This circumstance, in our opinion, is relevant and thus conditions the type of relationship as much as the design of the tools used for management control. The companies under study by Van der Meer-Kooistra and Vosselman rely on their great experience in subcontracting, and the relationship is of long-term duration. In the case of FDT, both of these characteristics are also present.

Comparing the form of franchise management control under study with the patterns indicated by Van der Meer-Kooistra and Vosselman, we can conclude that the control of relationship is more similar to the bureaucracy-based control pattern, although it could be a hybrid between this and the trust-based pattern. With respect to contingency factors, we can conclude that the relationship can also be considered to be bureaucracy-based. The reasons for these conclusions are now set forward.
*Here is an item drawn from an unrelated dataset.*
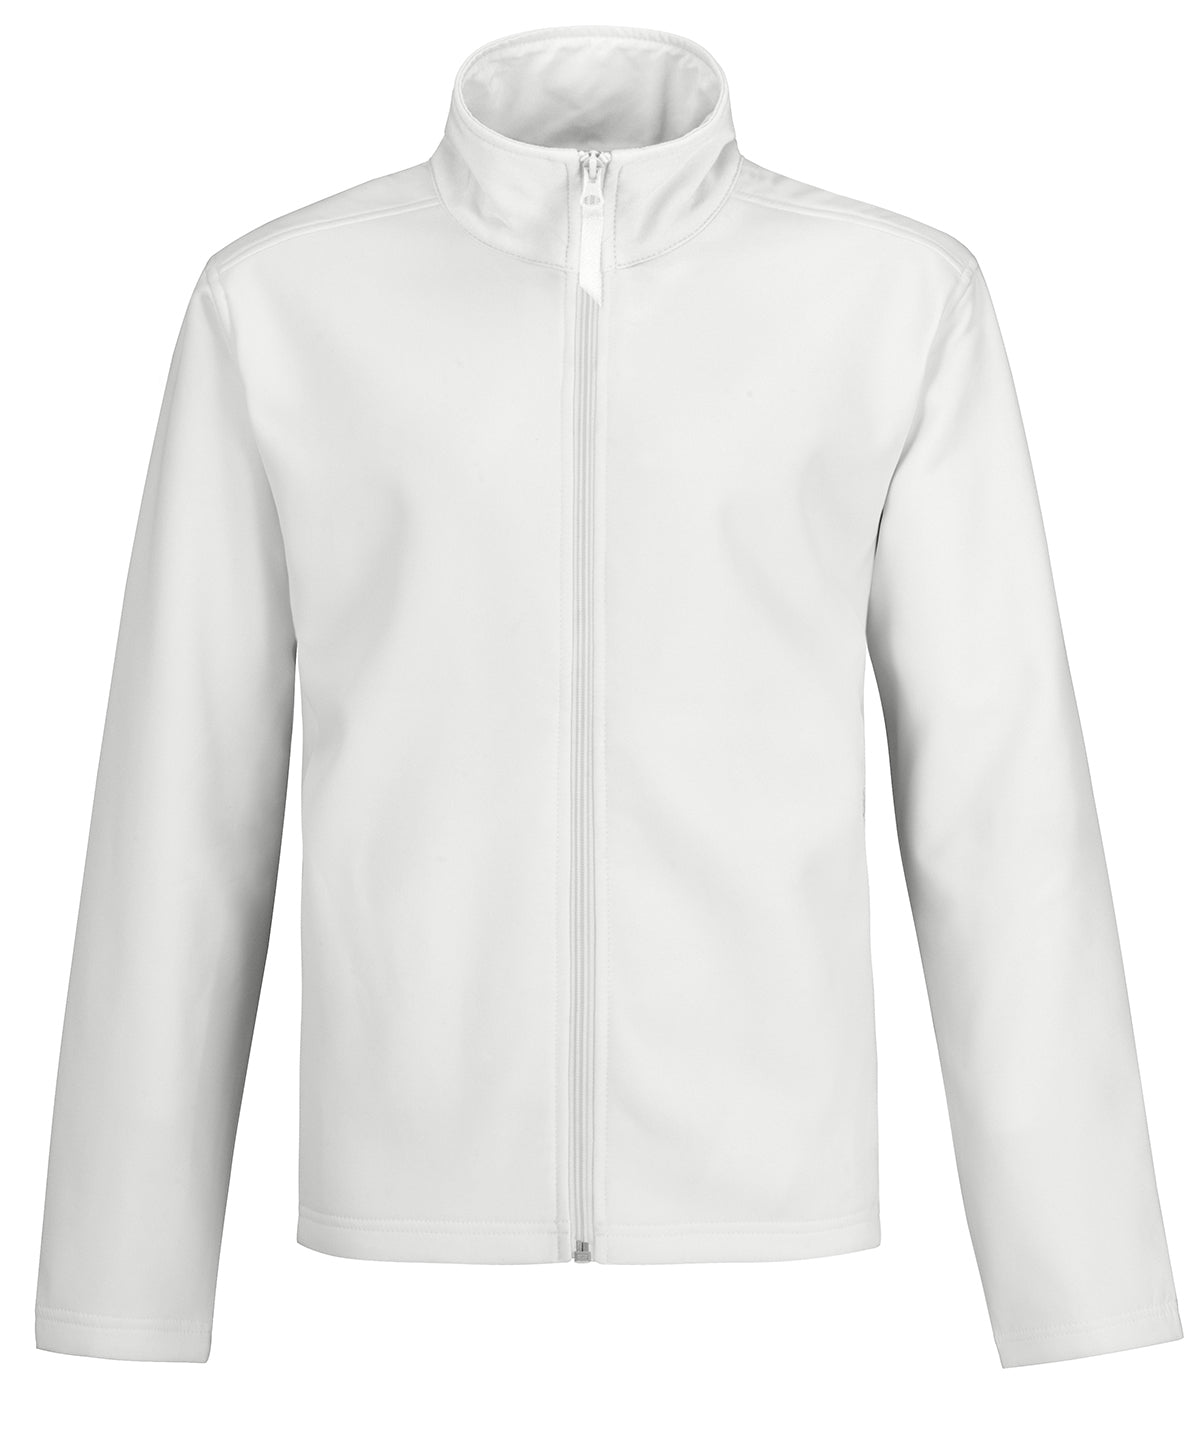 Personalised Jackets - Black B&C Collection B&C ID.701 Softshell jacket /men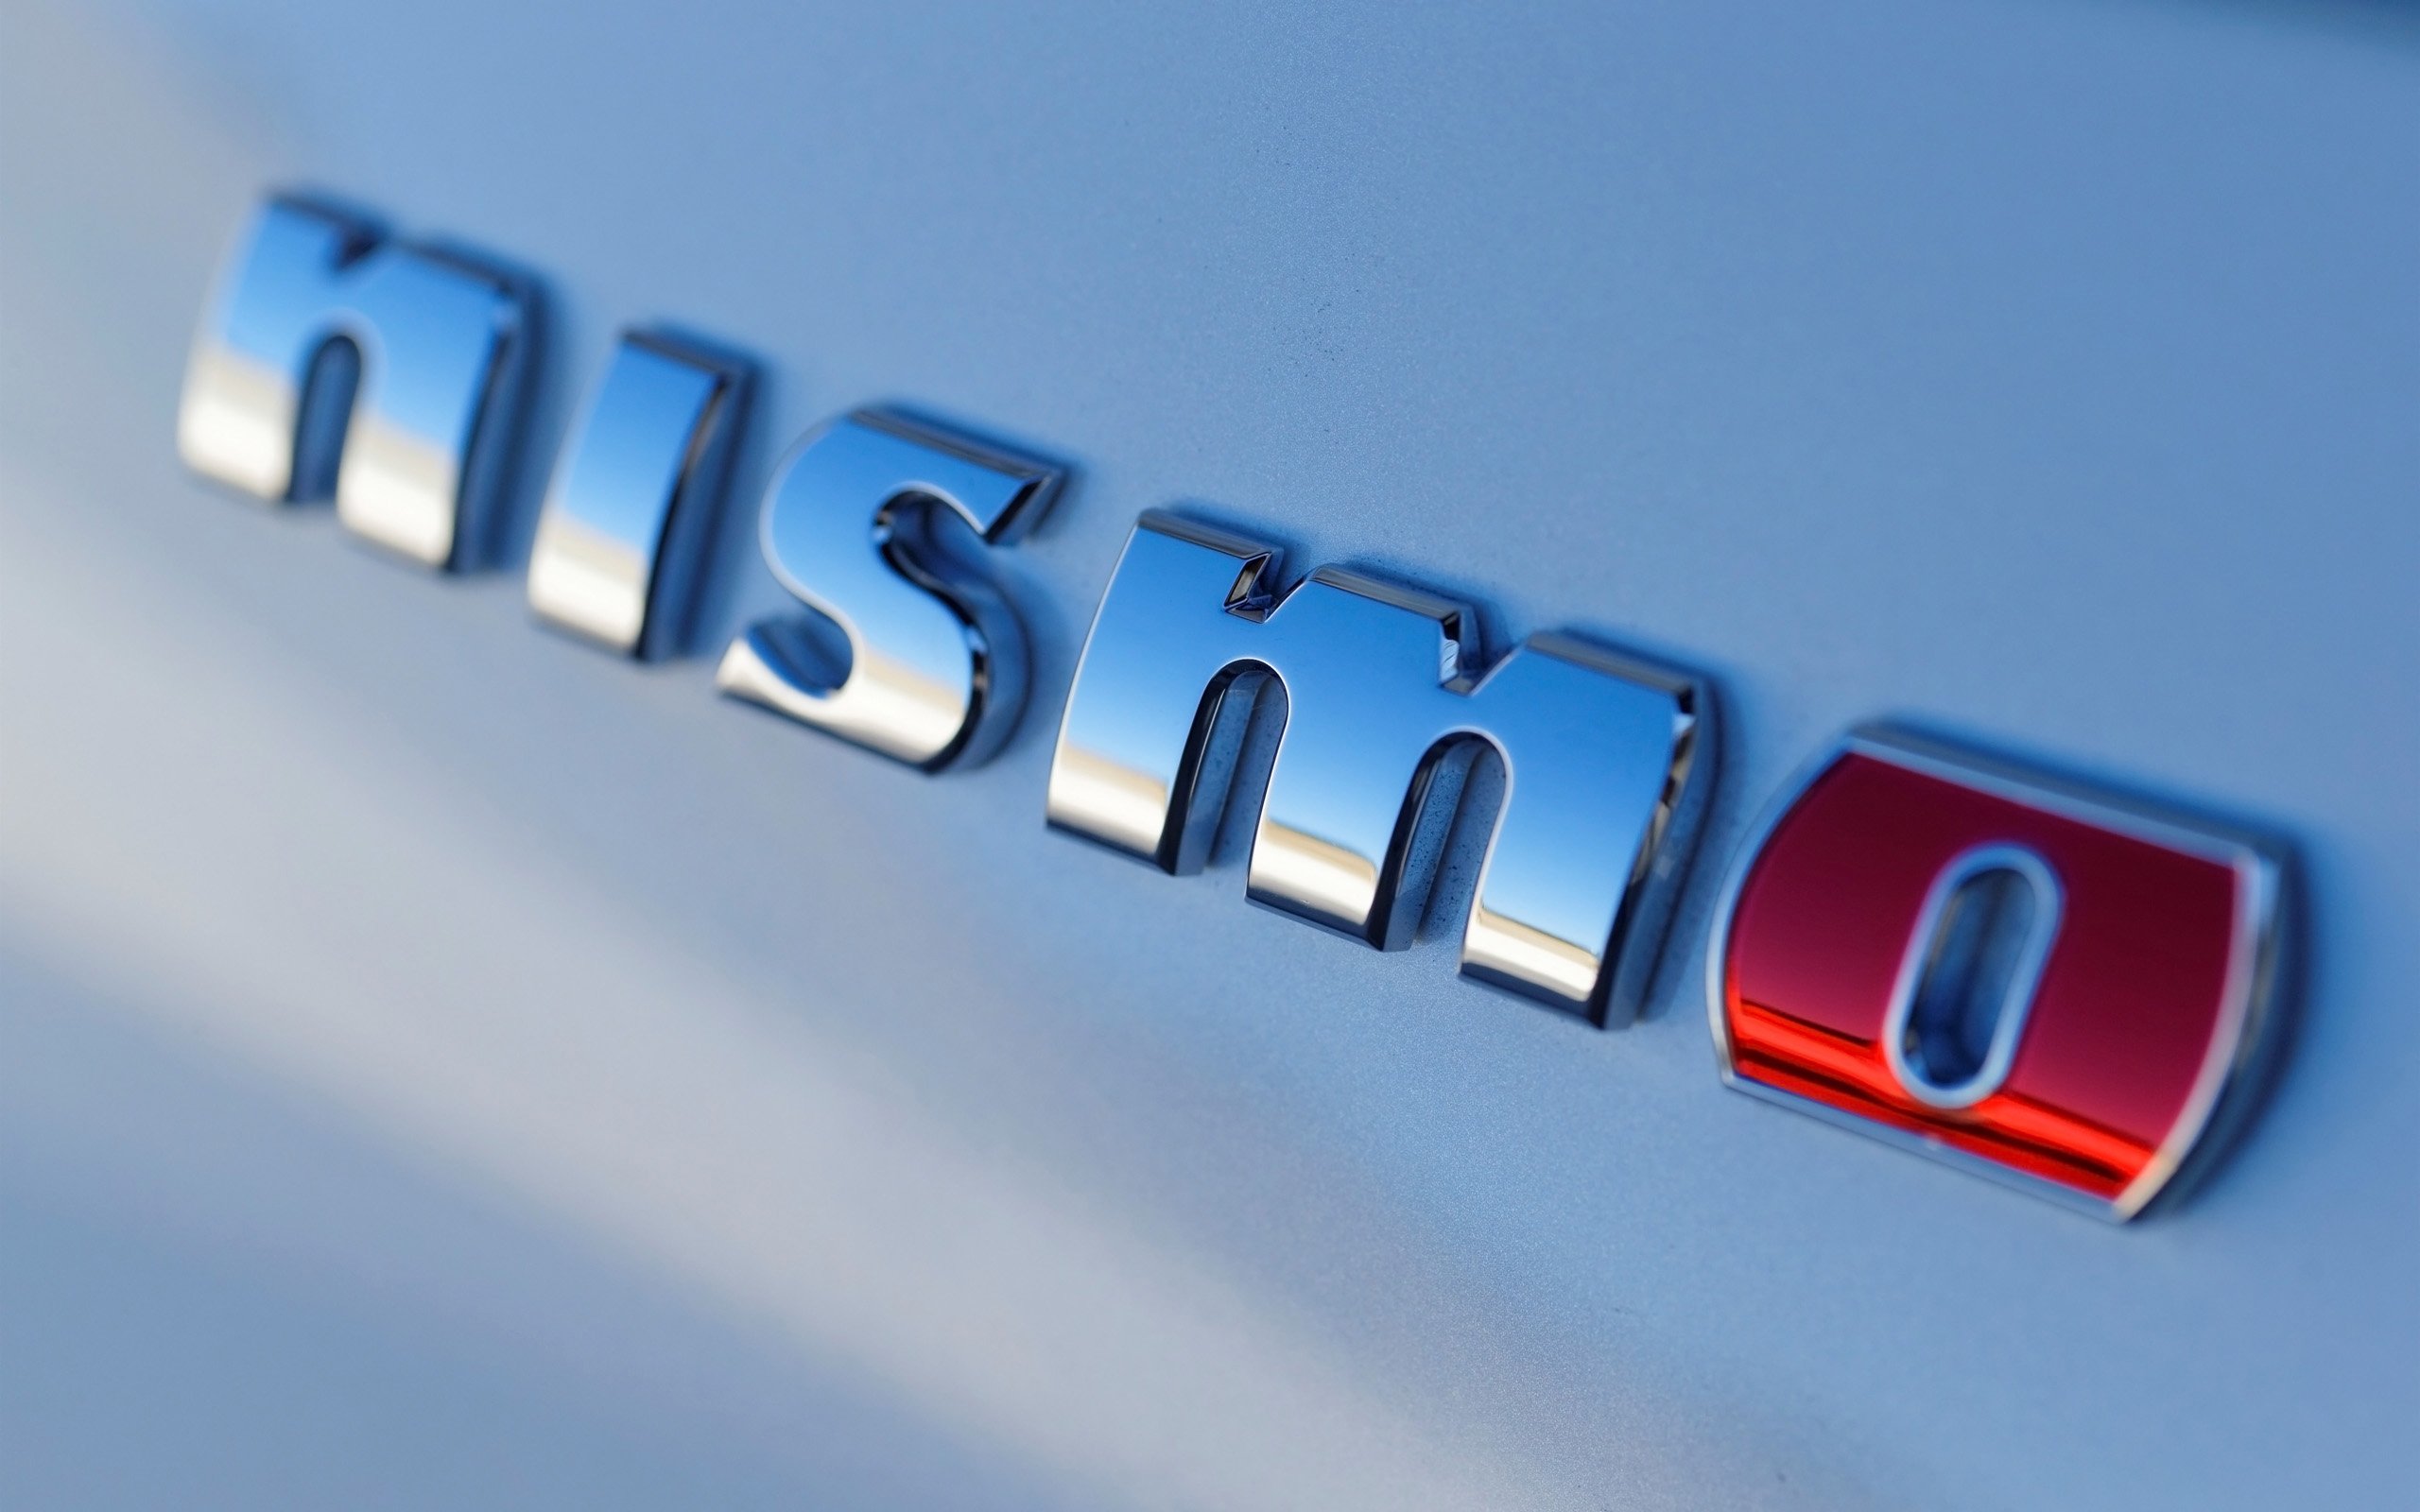 2014 Nissan 370Z Nismo tuning logo poster g wallpaper 2560x1600 2560x1600

Management Control Patterns in Inter-firm Relationships

The contact phase of the model based on bureaucracy is characterized by the pre-selection of potential suppliers, bidding procedures, and detailed selection criteria, among others.

When seeking new franchisees (contact phase), the franchisor uses two approaches. On the one hand, it presents and organizes trade fairs to make its establishment known, to distribute information to potential franchisees, and to contact with possible candidates that will later be studied. On the other, later on, it carries out a thorough screening process of these candidates, using well defined criteria, including both the initial conditions required (minimum investment, minimum premises and population size, etc.), and other studies carried out by the Expansion Department, such as economic capacity and viability or the concrete location of the locale.

Once the new franchisee has been selected, a common practice in franchise systems is the presence of a type of contract that is an option for the potential franchisee to purchase the franchise, and that permits both parties to advance in the completion of certain operations and analyses prior to the final contract that will seal a definitive agreement. This document (Pre-contract or Reservation Contract) is simply a preferential possibility for the franchisee to join the network. On being granted the preliminary contract, the franchisee pays an entry fee on account. These actions constitute an intermediate step between the first contact and the contract phases.

The contract phase of the Model based on Bureaucracy is defined by extensive and comprehensive contracting; payment is based on real activities or output.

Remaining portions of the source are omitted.